**REQUIRED ACTION**
Pictures aside, repeat the whole listing word for word.

[[ RECORDED INFORMATION open ]]

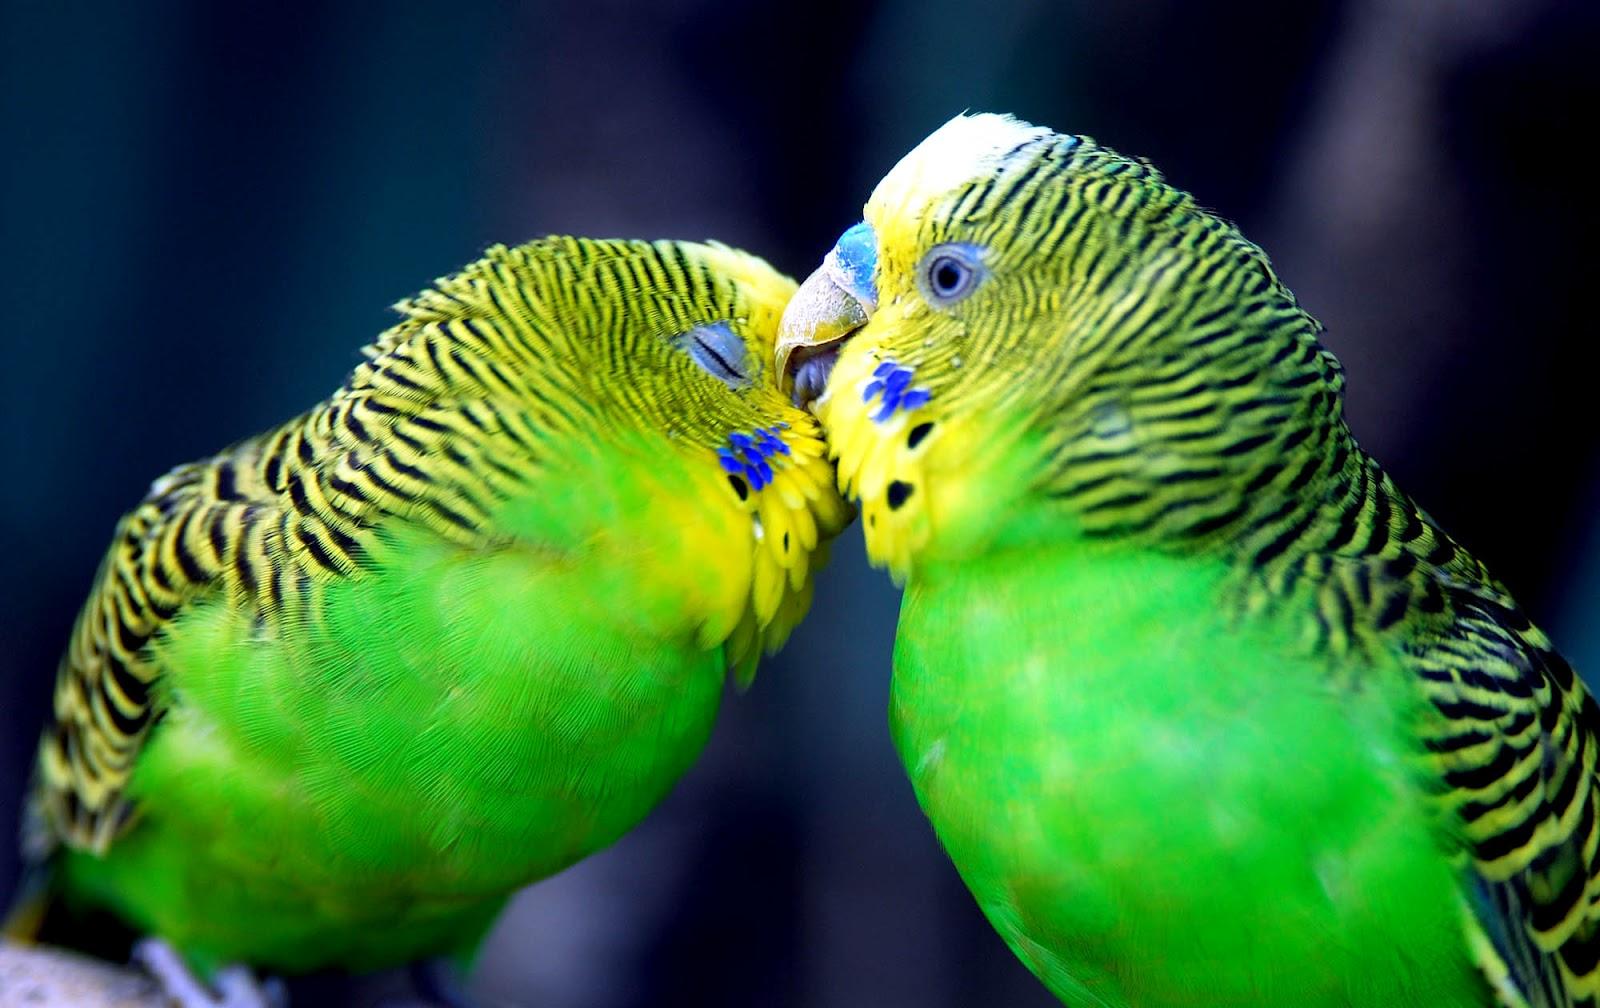 http://1.bp.blogspot.com/-kUOT9lfNhww/UDx8iiSM7VI/AAAAAAAAAZU/C3NFJW8CYwo/s1600/49581-beautiful-birds-cute-parrots.jpg
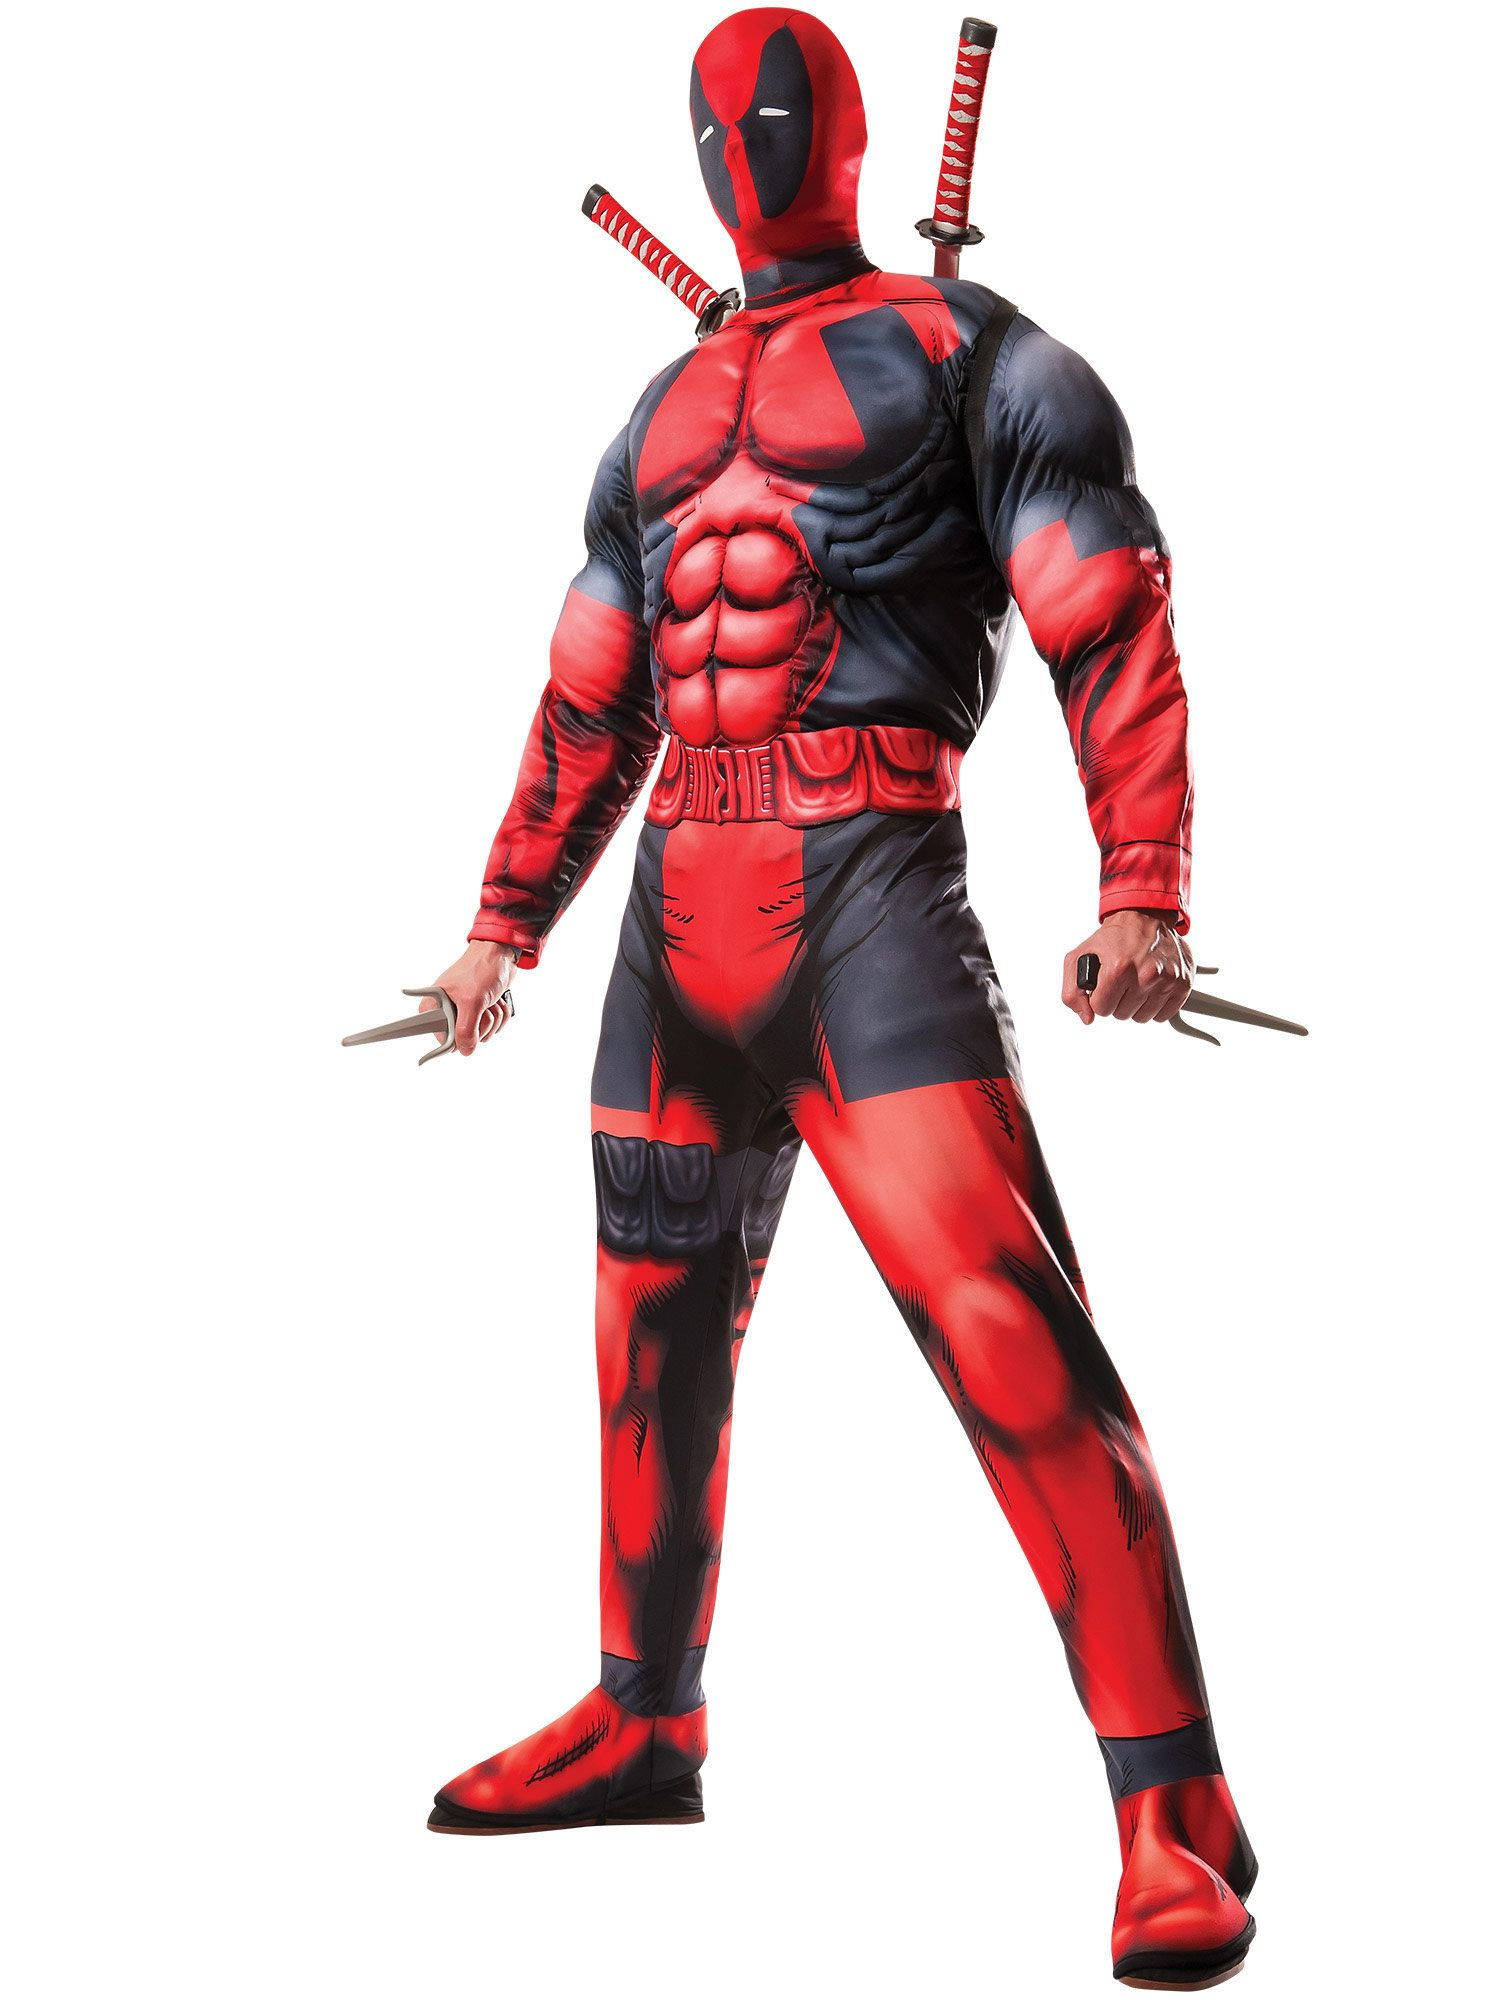 Imagen relacionada Disfraces Niños Superheroes 9bfe4b491e0d
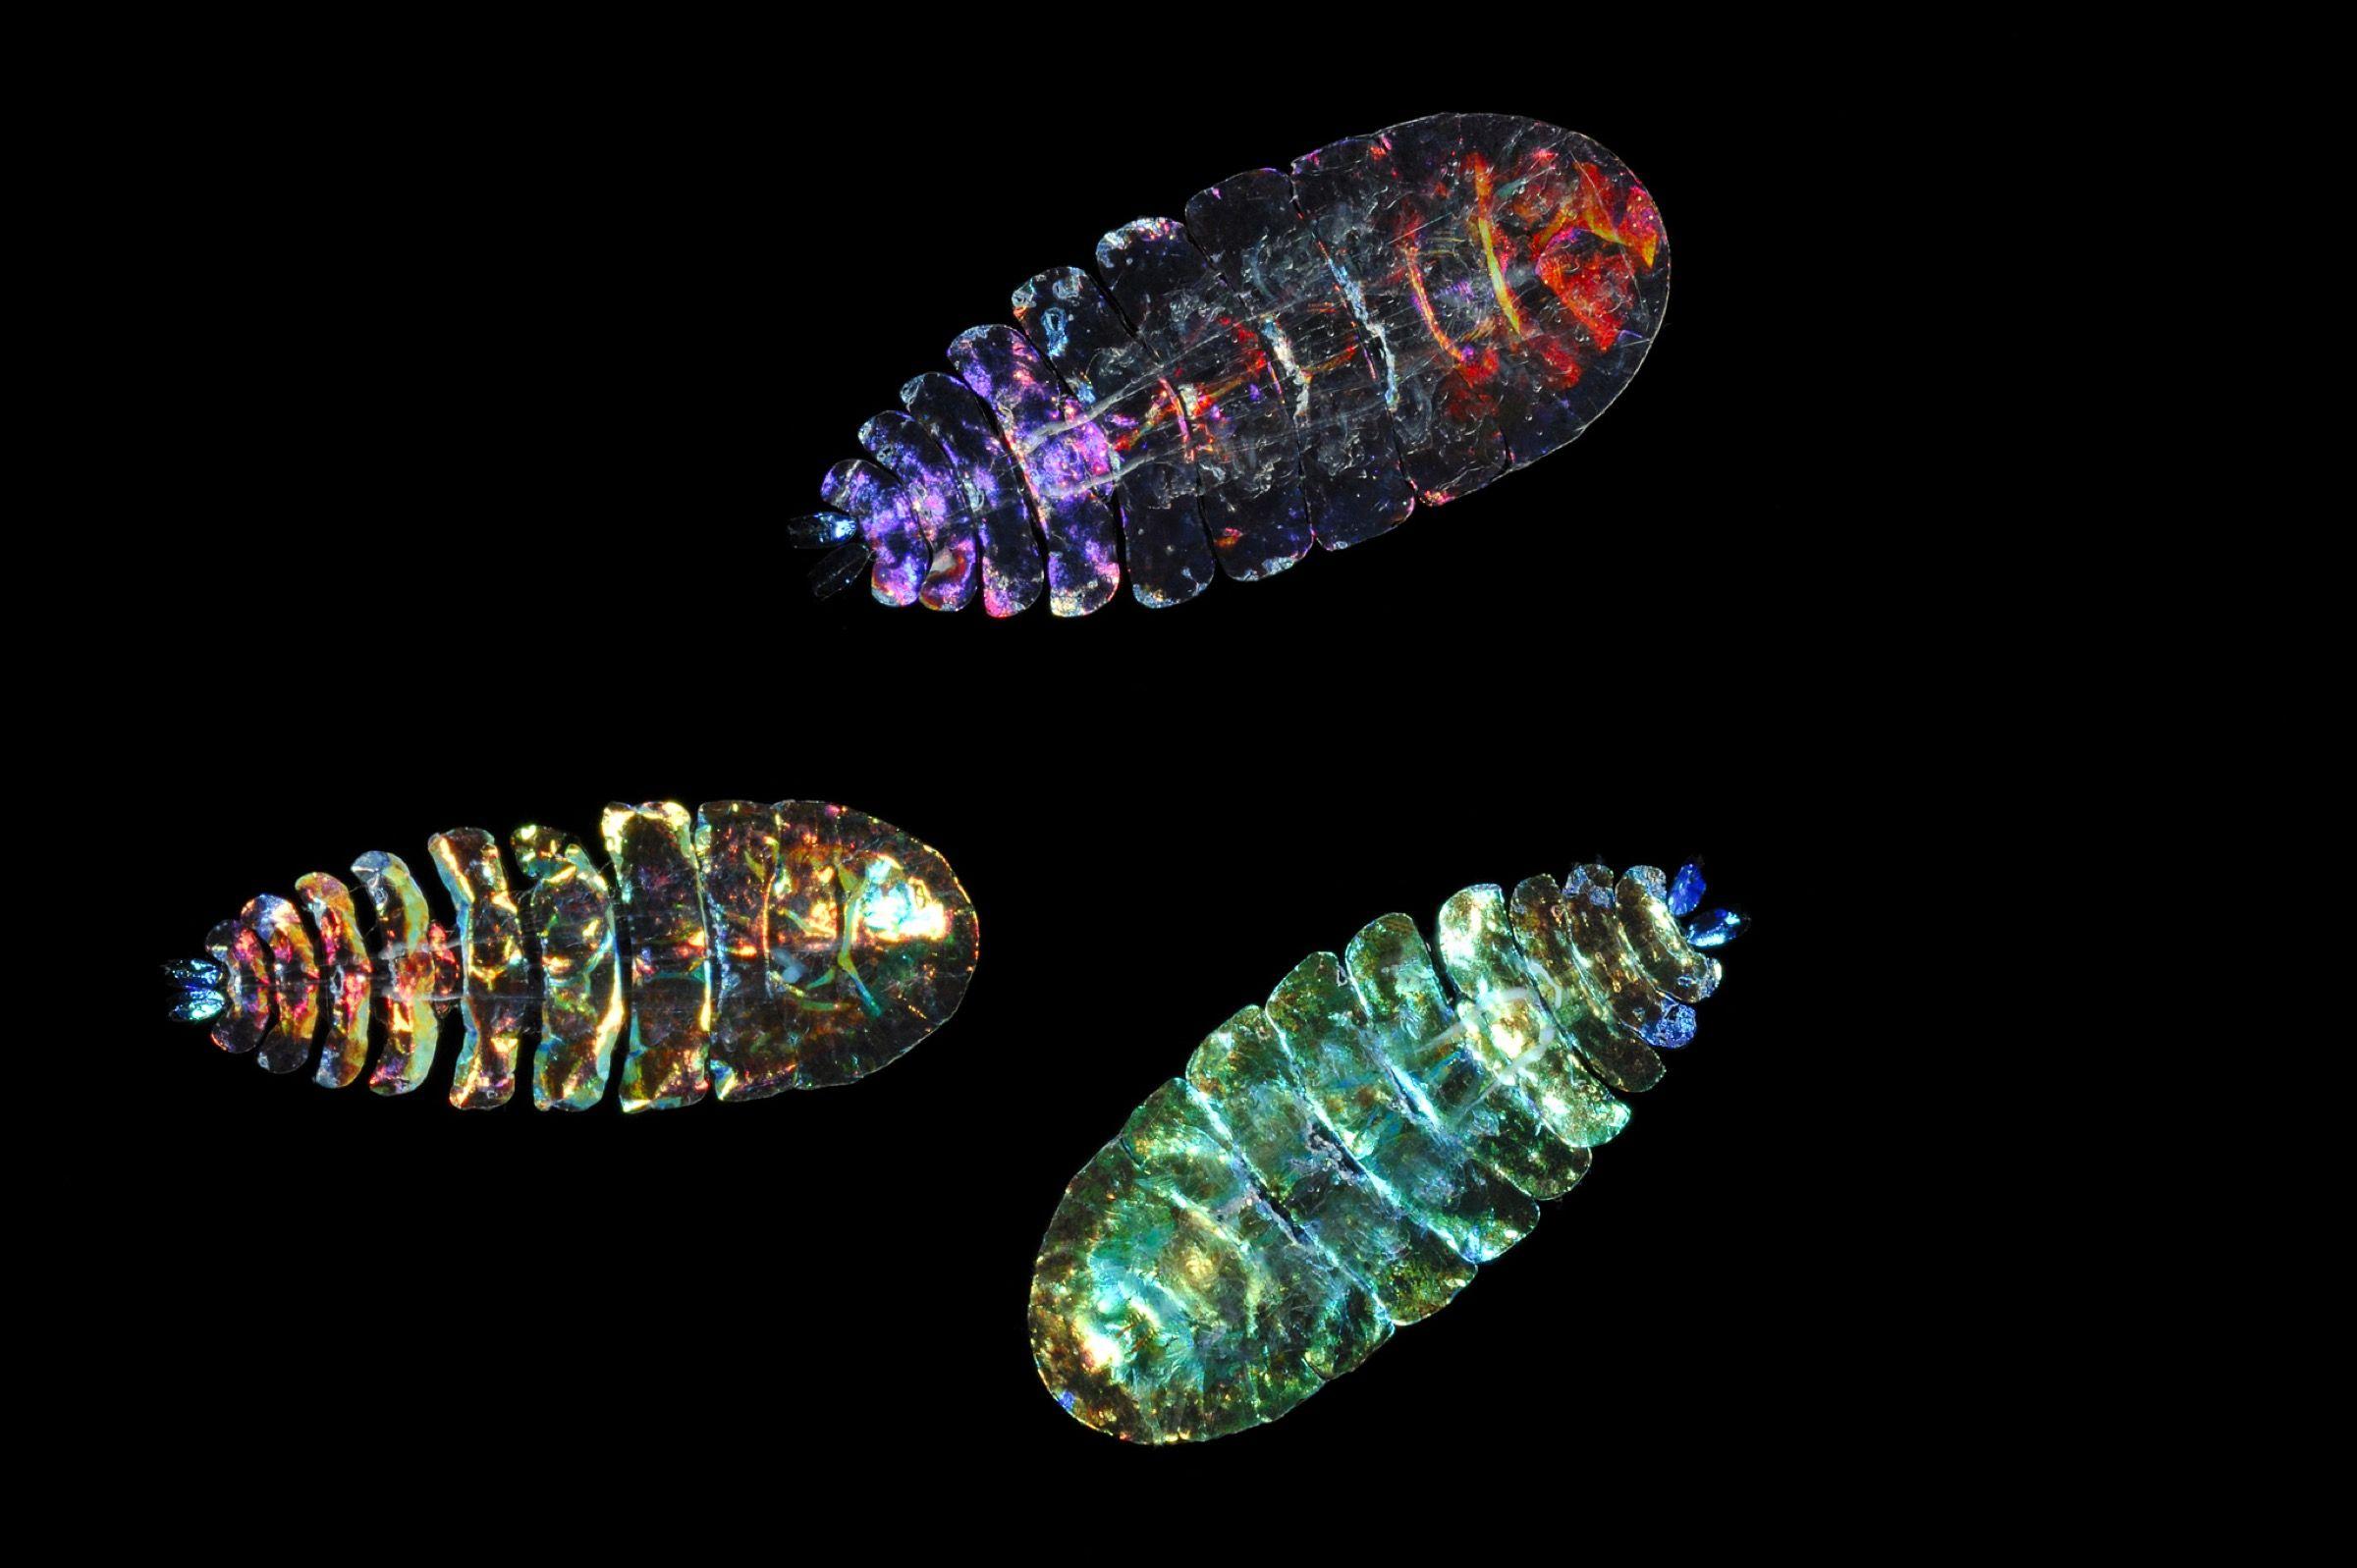 Male copepods
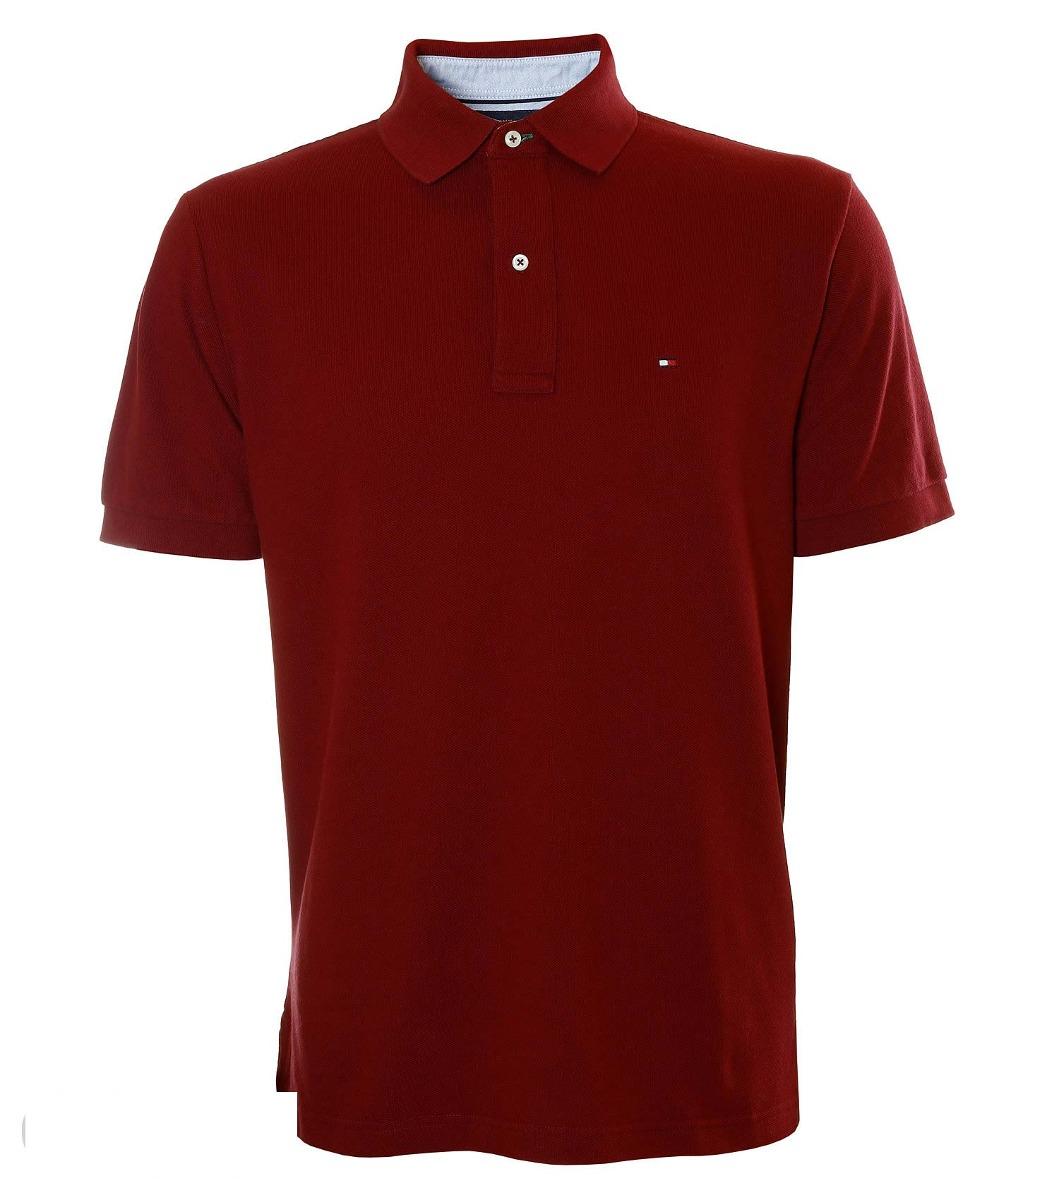 40a0c388b Camisa Polo Masculina Tommy Hilfiger Bordeaux Solid - R$ 259,90 em ...

[[ RECORDED INFORMATION closed ]]

**EXPECTED ANSWER**
 http://1.bp.blogspot.com/-kUOT9lfNhww/UDx8iiSM7VI/AAAAAAAAAZU/C3NFJW8CYwo/s1600/49581-beautiful-birds-cute-parrots.jpg
 Imagen relacionada Disfraces Niños Superheroes 9bfe4b491e0d
 Male copepods
 40a0c388b Camisa Polo Masculina Tommy Hilfiger Bordeaux Solid - R$ 259,90 em ...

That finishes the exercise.